Ahalimiz de ne mal olduğunun farkındadır aslında. Zaten kendi kendine söylenirken “Deveye diken insana öpen yaranır” diyecek kadar da açık sözlüdür ahalimiz.

***

Ahalimizin kadir kıymet bilmezliği Cumhurreisi Recep Bey’in Amerika seyahatiyle bir kere daha nüksetti. Ahali şu sıralar Recep Bey aleyhine öyle söyleniyor öyle homurdanıyor ki, artık o kadar olur. 
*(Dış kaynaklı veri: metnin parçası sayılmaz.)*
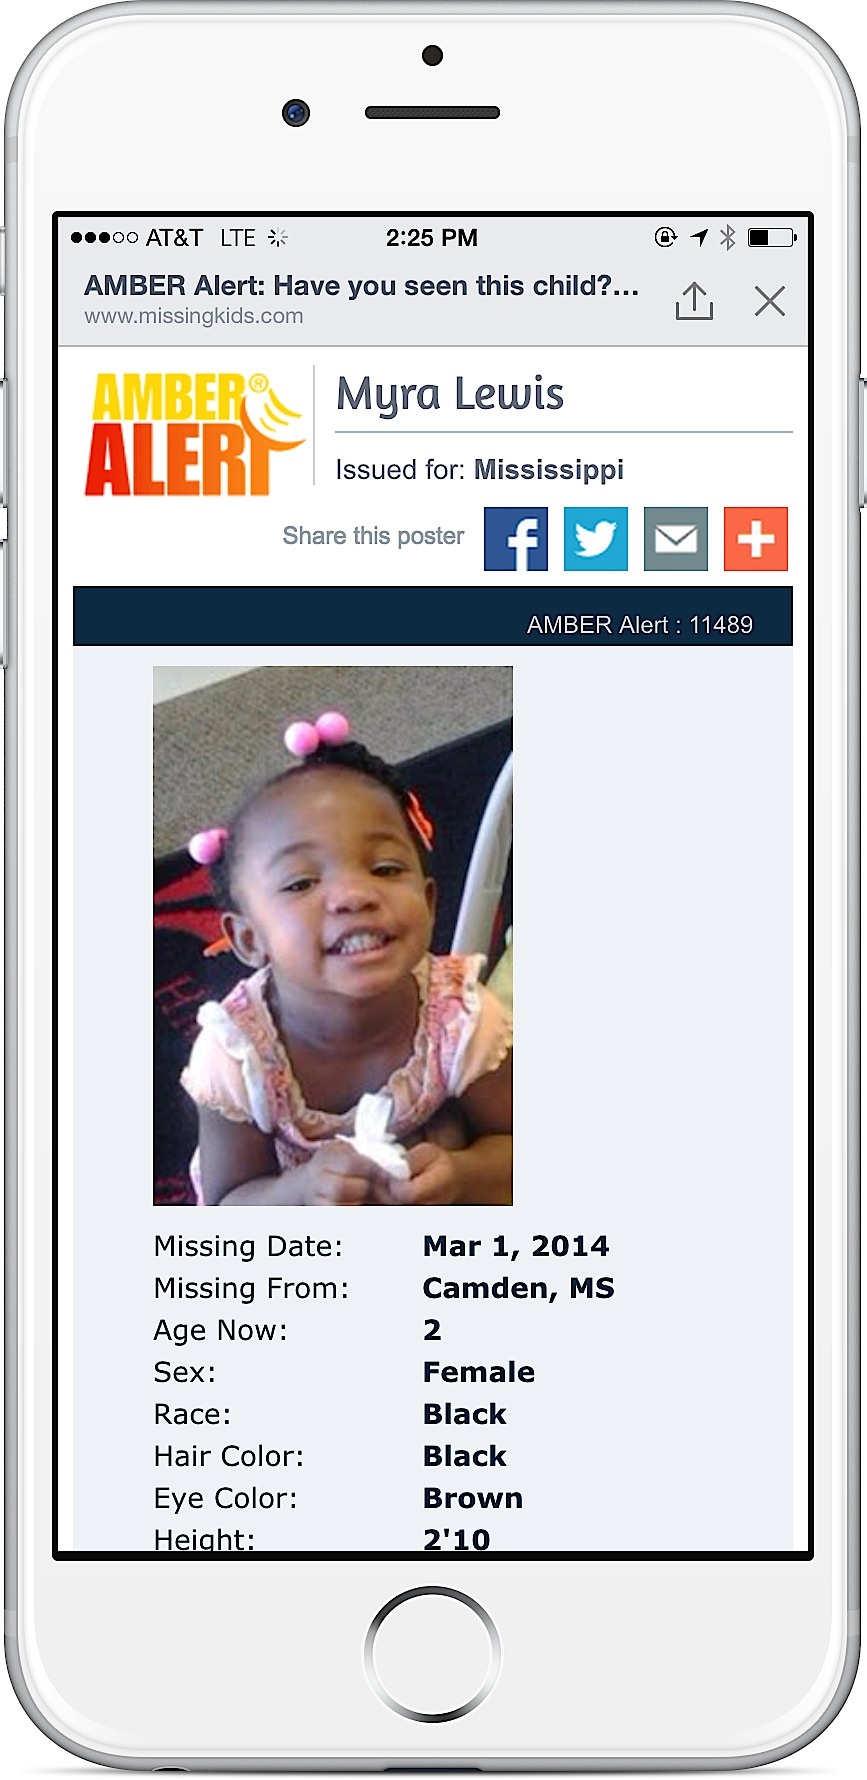 Details of the missing child will be shown in a poster that can be shared.

Yok, Birleşmiş Milletler’de boş sıralara konuşmuş. 

Yok, ABD Başkanı Trump’la görüşebilmek için 300 Boeing uçağı rüşveti vermiş, ABD mallarının ithalatında uygulanan ek vergileri kaldırmış. 
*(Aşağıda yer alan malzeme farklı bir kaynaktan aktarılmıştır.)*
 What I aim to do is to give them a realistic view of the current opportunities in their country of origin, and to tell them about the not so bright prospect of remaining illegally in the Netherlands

Yok, ABD Dışişleri Bakanı Rubio, “Erdoğan ve Ortadoğu liderleri ‘Başkan Trump’la el sıkışmak için beş dakika ayarlayabilir misiniz?’ diye yalvarıyorlar” deyince Recep Bey, Beyaz Saray ziyaretini iptal etmeliymiş.
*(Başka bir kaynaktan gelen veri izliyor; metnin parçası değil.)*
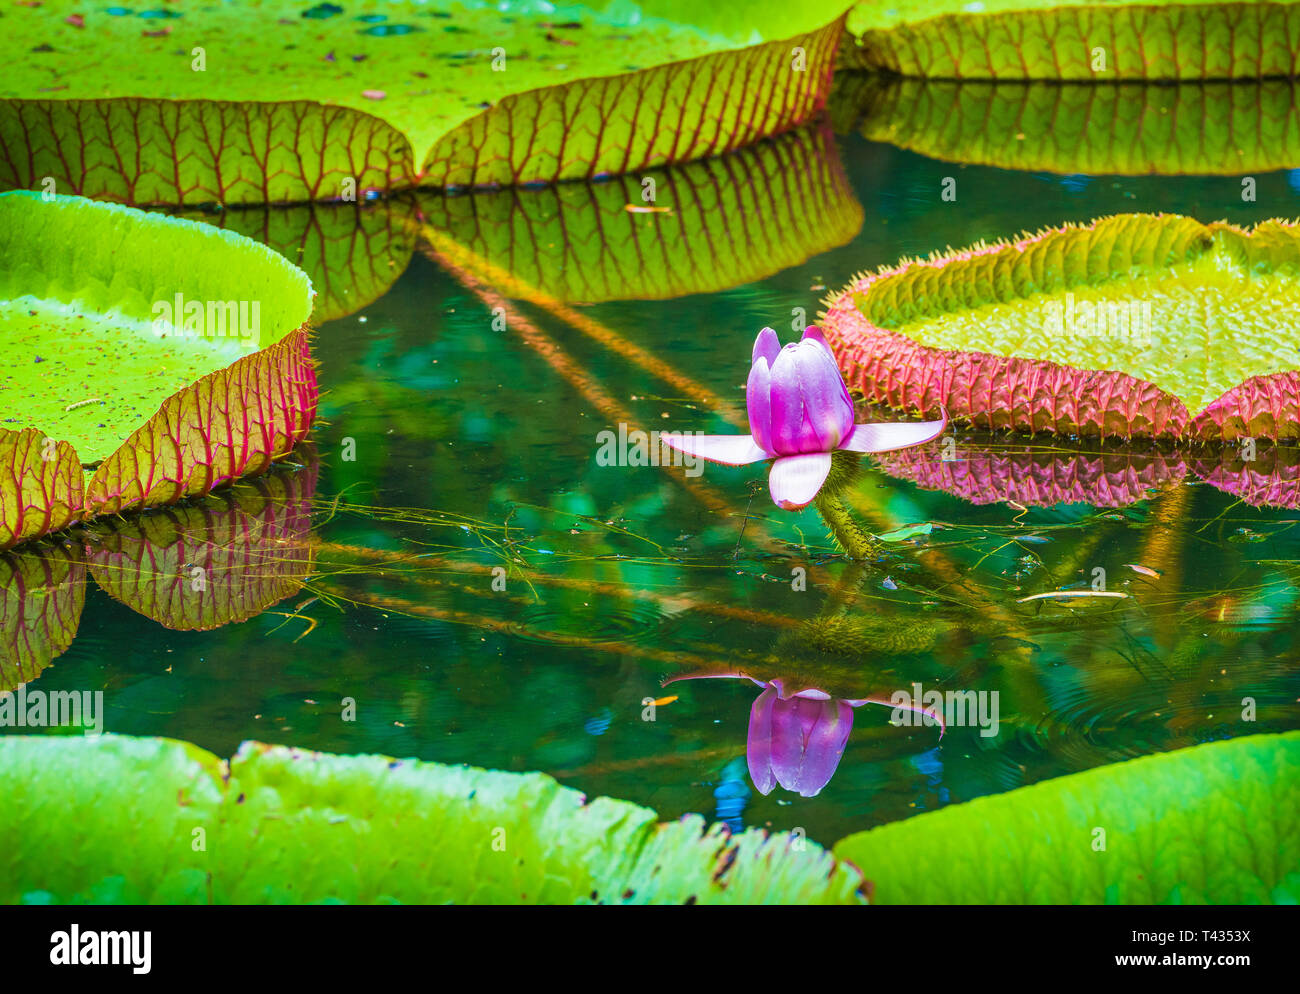 Water lily, Victoria amazonica lotus flower plant.  Pamplemousses Botanical Garden, Mauritius Stock Photo

Yok, ABD’nin Türkiye Büyükelçisi Tom Barrack, Trump’a “Bu adam (yani Recep Bey) meşruiyet istiyor; Biz de verelim bu meşruiyeti.” demiş. Böyle aşağılanma üzerine Beyaz Saray ziyaretini iptal etmemek yakıştı mı Recep Bey’e? 

Yok, Beyaz Saray’daki basın toplantısında Recep Bey’in suratı neden asıkmış, neden yüzü gülmemiş? Basın toplantısının Trump şova dönüşmesine neden seyirci kalmış, Davos’taki gibi “van minüt!” diyemez miydi? 

Daha neler neler... 

***

Dedim ya ahalimiz kadir kıymet bilmez, ne yapsan ne etsen yaranamazsın. Recep Bey’in ki de o hesap. Ne yapsa ne etse beğendiremiyor ahaliye.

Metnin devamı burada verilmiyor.